Medici della peste, combattimenti frenetici, stile vagamente vittoriano e una punta di meccaniche “soulslike”: il videogame Thymesia sembra avere tutte le carte in regola per essere un capolavoro del genere action, tuttavia il titolo ci dimostra decisamente che non è tutto oro ciò che luccica. Abbiamo avuto modo di testarlo e l'esperienza è stata discretamente dolceamara.

Il mondo di Thymesia, tra derive e risacche

Il regno di Hermes ha lungamente abusato del potere dell’alchimia, uno sfruttamento intensivo che ha scatenato sui cittadini una pestilenza di portata catastrofica. Con il popolo ormai infetto che si trascina per i viottoli imbrattati di sangue, il combattente Corvus sembra essere l’unico in grado di risolvere la situazione, tuttavia una prepotente amnesia lo obbliga a rallentare il suo intervento, imponendogli di riesplorare le proprie memorie al fine di prepararsi all'epilogo del suo viaggio.

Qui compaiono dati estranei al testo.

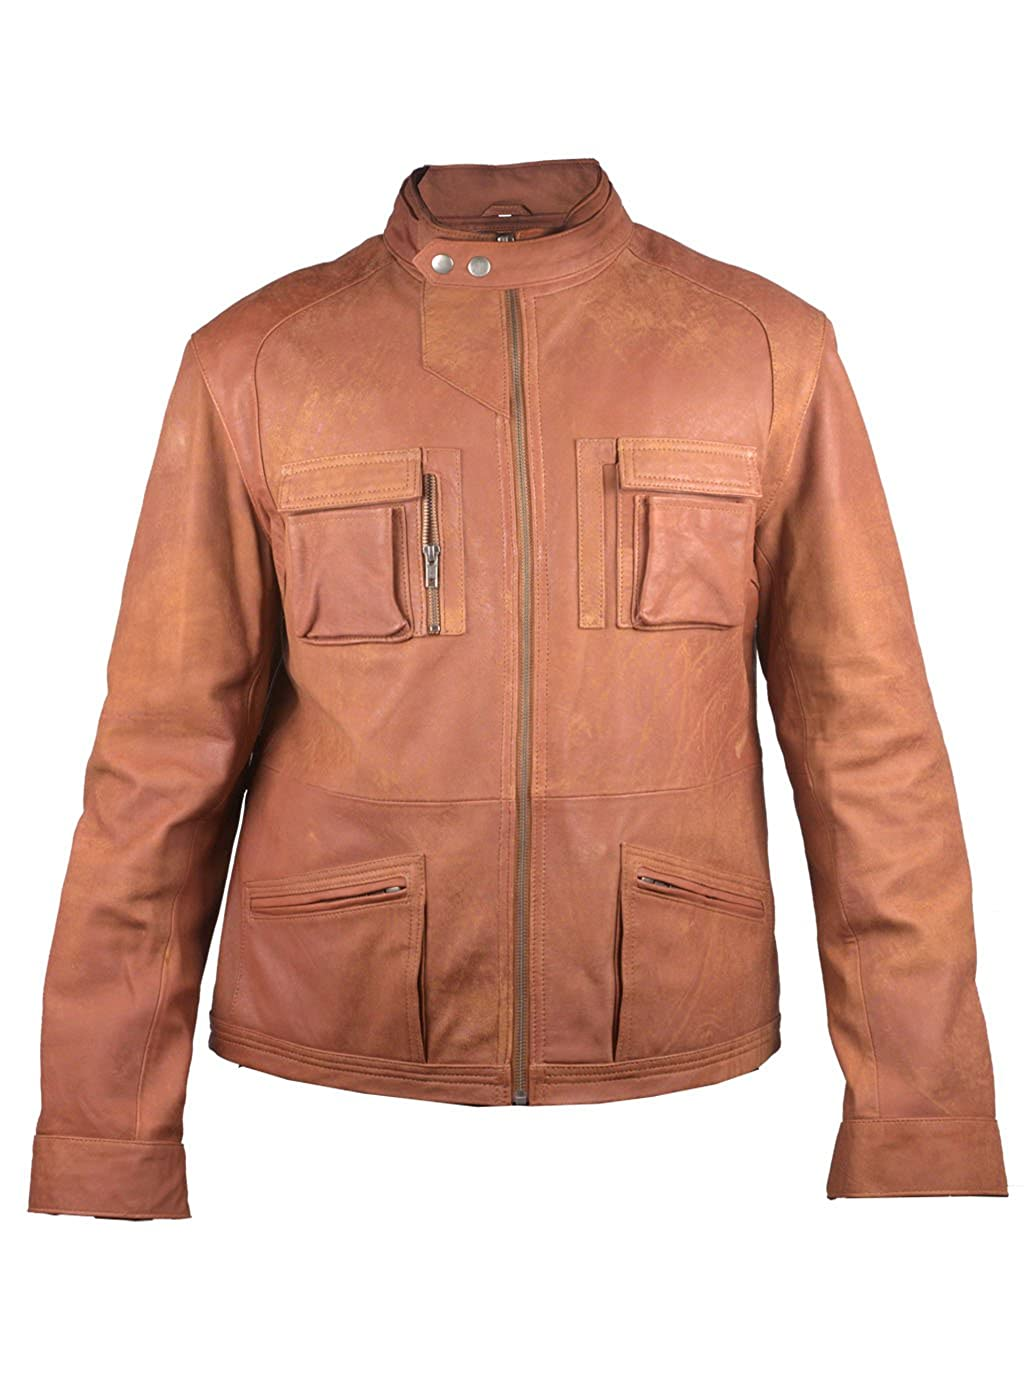 FactoryExtreme Milano Mens Black or Tan Brown Leather Jacket at ...

Quella sopra riportata non è che una breve sinossi di una trama che evidentemente si fa da parte per lasciare spazio all'azione, tuttavia i giocatori più navigati potrebbero già intravedere qualche parallelismo con un videogame a cui Thymesia viene frequentemente affiancato: Bloodborne. La comparazione regge poco, tuttavia i richiami sono presenti e le innegabili affinità finiscono con l'imporre a Corvus un metro di paragone difficile da raggiungere.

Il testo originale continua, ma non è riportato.